Feature track issue: kubernetes/enhancements#275

Special notes for your reviewer:
A follow-on PR is opened to add the EmptyDir support.

Release note:

Alpha support for pre-allocated hugepages

xiangpengzhao · 2017-08-18T04:51:39Z

pkg/api/validation/validation.go

+		for i := range pod.Spec.Containers {
+			resourceSet := toContainerResourcesSet(&pod.Spec.Containers[i])
+			for resourceStr := range resourceSet {
+				if v1helper.IsHugePageResourceName(v1.ResourceName(resourceStr)) {


Do we want to validate the HugePage size? i.e. 2Mi and 1Gi are valid and others not.

That means, what if users configure hugepages-3Mi ?

@xiangpengzhao - that is a good question.

there are a variety of large page sizes depending on the architecture, so i was hoping to avoid an explicit enumeration of them or awareness in the api server. this is an alpha feature, but my long term expectation is that operators would configure the ResourceQuota system to make consumption of hugepages denied by default per something like #36765 , and they would then grant explicit quota for the page sizes supported in their fleet of machines.
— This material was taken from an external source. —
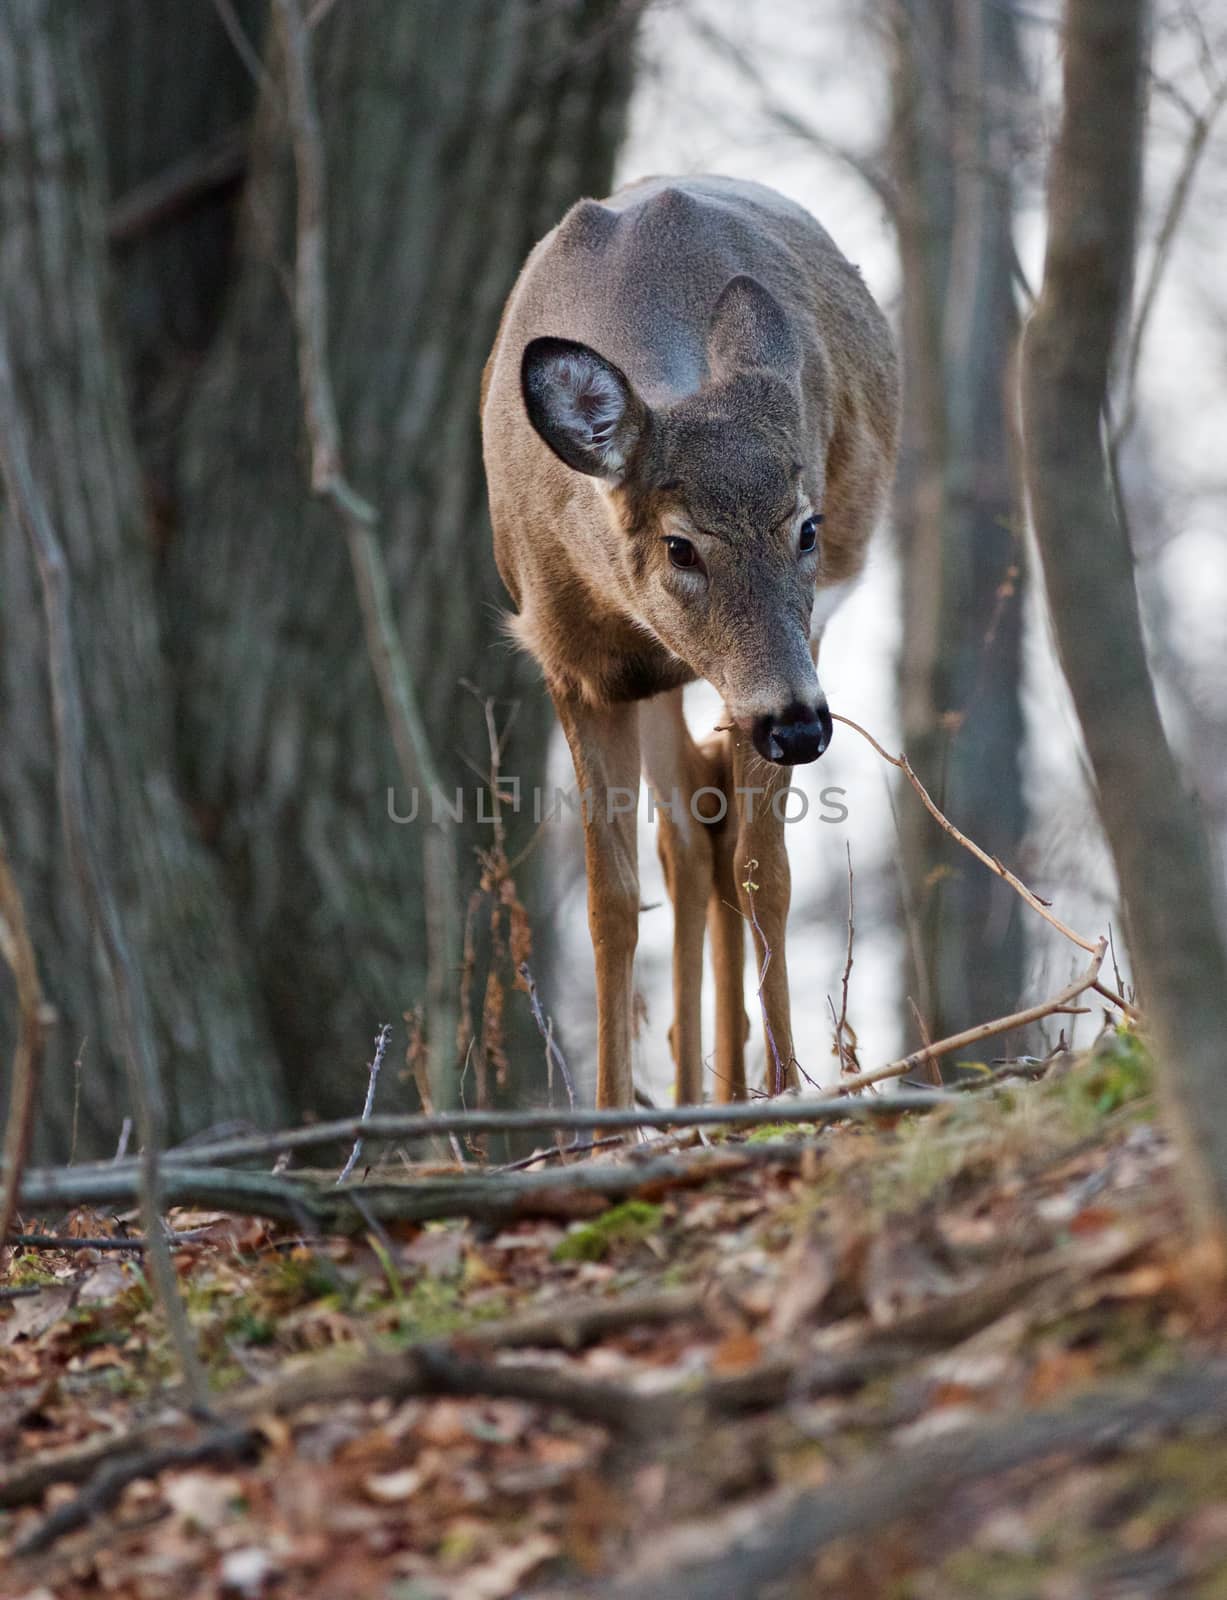 The beautiful close-up of a young deer in the forest

WDYT?

SGTM. I like this idea. Thanks for explanation!

Another concern, I have a use case that users want to have the privilege to adjust their hugepages usage, or even the node hugepages capacity dynamically. Yes this will cause complication and seems like not reasonable enough. Any thoughts?

They want to release the unused hugepages to be "normal" memory so that these memory can be used by other process on the node.

@xiangpengzhao - that is out of scope for alpha. its possible you could run a controller that observed pods pending due to lack of hugepages capacity across cluster, and run a pod to allocate them on a particular node in response. there are pros/cons with that especially with gigantic page sizes. i had a pod that did something like that here: https://github.com/derekwaynecarr/hugepages/tree/master/allocator

@derekwaynecarr Cool! Thanks, Derek!

derekwaynecarr · 2017-08-21T16:25:14Z

need #50629 to merge first.

derekwaynecarr · 2017-08-22T16:55:25Z

/test pull-kubernetes-e2e-kops-aws

derekwaynecarr · 2017-08-23T18:55:55Z

/test pull-kubernetes-e2e-kops-aws

derekwaynecarr · 2017-08-26T01:30:47Z

prerequisite prs merged, this should be good to go.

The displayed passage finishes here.